Even some Republicans were disturbed.
“I disagree with the tweet,” New York Rep. Elise Stefanik, a GOP member of the intelligence panel, said during a brief break in the testimony.
Trump removed Yovanovitch from her post without explanation in May after she raised concerns about his dubious attempts to pressure Ukraine into investigating the Bidens and debunked rightwing claims about the 2016 election while using $391 million in U.S. military aid as part of an alleged quid pro quo.
She remains a State Department employee but no longer has any day-to-day responsibilities relating to Ukraine.
Rudy Giuliani, Trump’s personal attorney and political dirt-digger, spearheaded the Trumpian smear against Yovanovitch, relying on conspiracy theories floated by sketchy ex-Ukrainian officials who claimed she was corrupt and working to undermine the U.S. president and help Democrats.
Yovanovitch was also perceived as an opponent of lucrative business schemes pursued by Lev Parnas and Igor Fruman, Giuliani’s Biden dirt partners who have since been indicted in a sweeping campaign finance scheme that overwere laps with the Ukraine scandal.

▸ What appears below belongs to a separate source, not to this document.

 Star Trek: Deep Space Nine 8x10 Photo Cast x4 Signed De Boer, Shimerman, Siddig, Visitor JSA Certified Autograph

Yovanovitch said many of the ex-officials Giuliani listened to corrupt themselves, including Yuriy Lutsenko, the country’s former top prosecutor, adding they wanted her out because she was leading efforts to stamp out corruption in the country. Lutsenko has since come under investigation by his own government.
Yovanovitch took her own jabs at Secretary of State Mike Pompeo and other State Department brass throughout her testimony, knocking them for refusing to defend her and other career diplomats against Trump’s baseless smears.

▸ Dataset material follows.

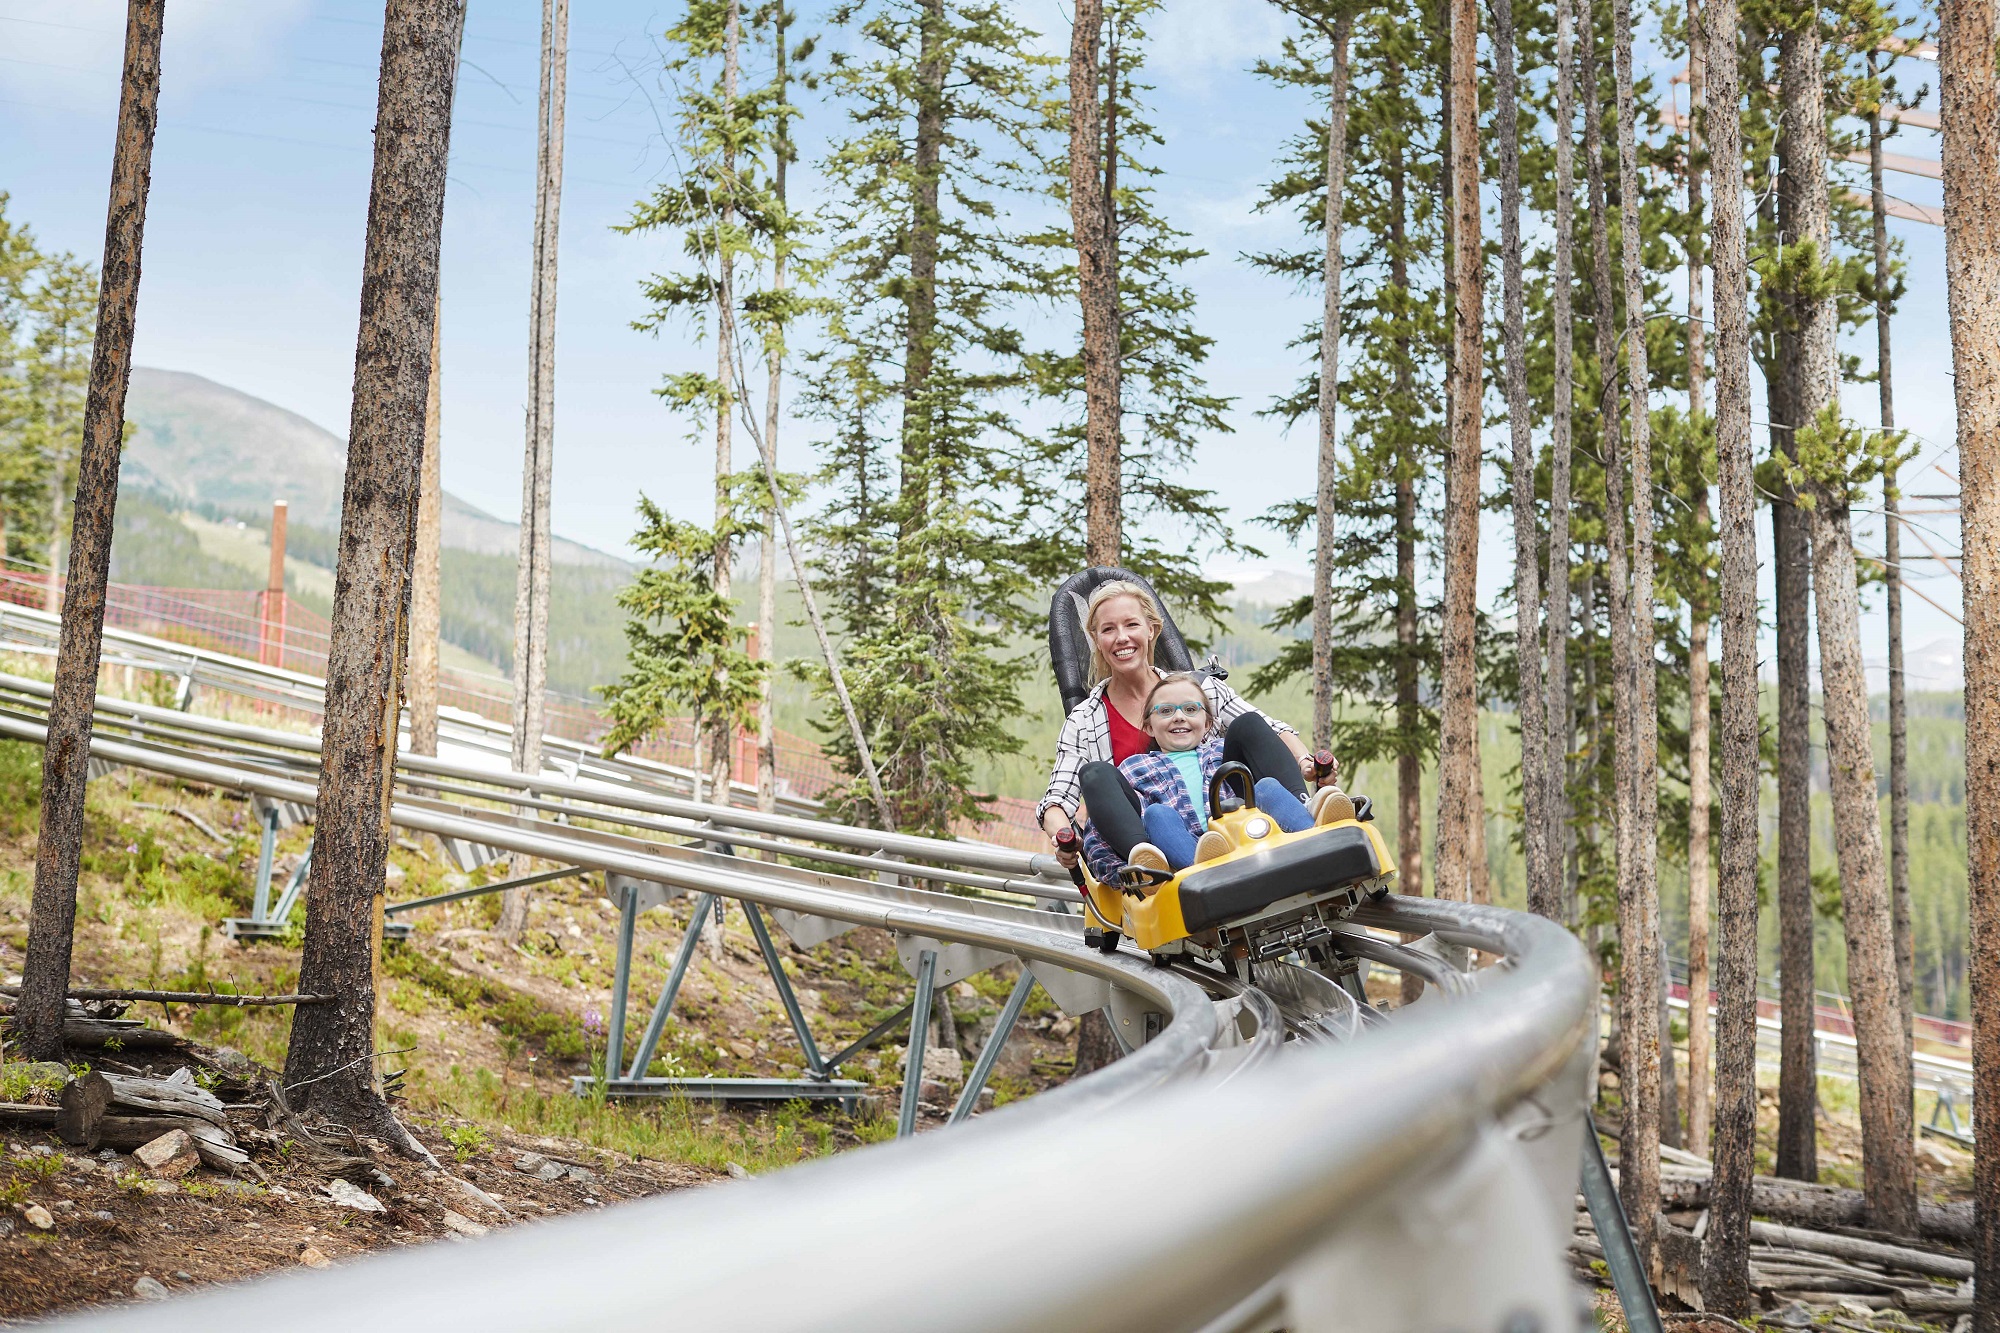 Epic Discovery Breckenridge Ski Resort Alpine Coaster

“Shady interests the world over have learned how little it takes to remove an American ambassador who does not give them what they want,” Yovanovitch said.
Breaking with the president, Republicans in the room repeatedly made a point of praising Yovanovitch for her service before questioning her.
But Trump-loyal Republicans spent most of the hearing spinning the same baseless claims about the Bidens that sparked the impeachment probe.
California Rep. Devin Nunes, the top Republican on the intelligence committee, echoed Trump in dubbing the impeachment inquiry a “hoax.”
“These hearings should not be occurring at all,” Nunes said.
After nearly seven hours of testimony, Yovanovitch left the hearing room to a standing ovation from Democratic lawmakers and audience members. She could be seen smiling as she walked out flanked by her attorneys.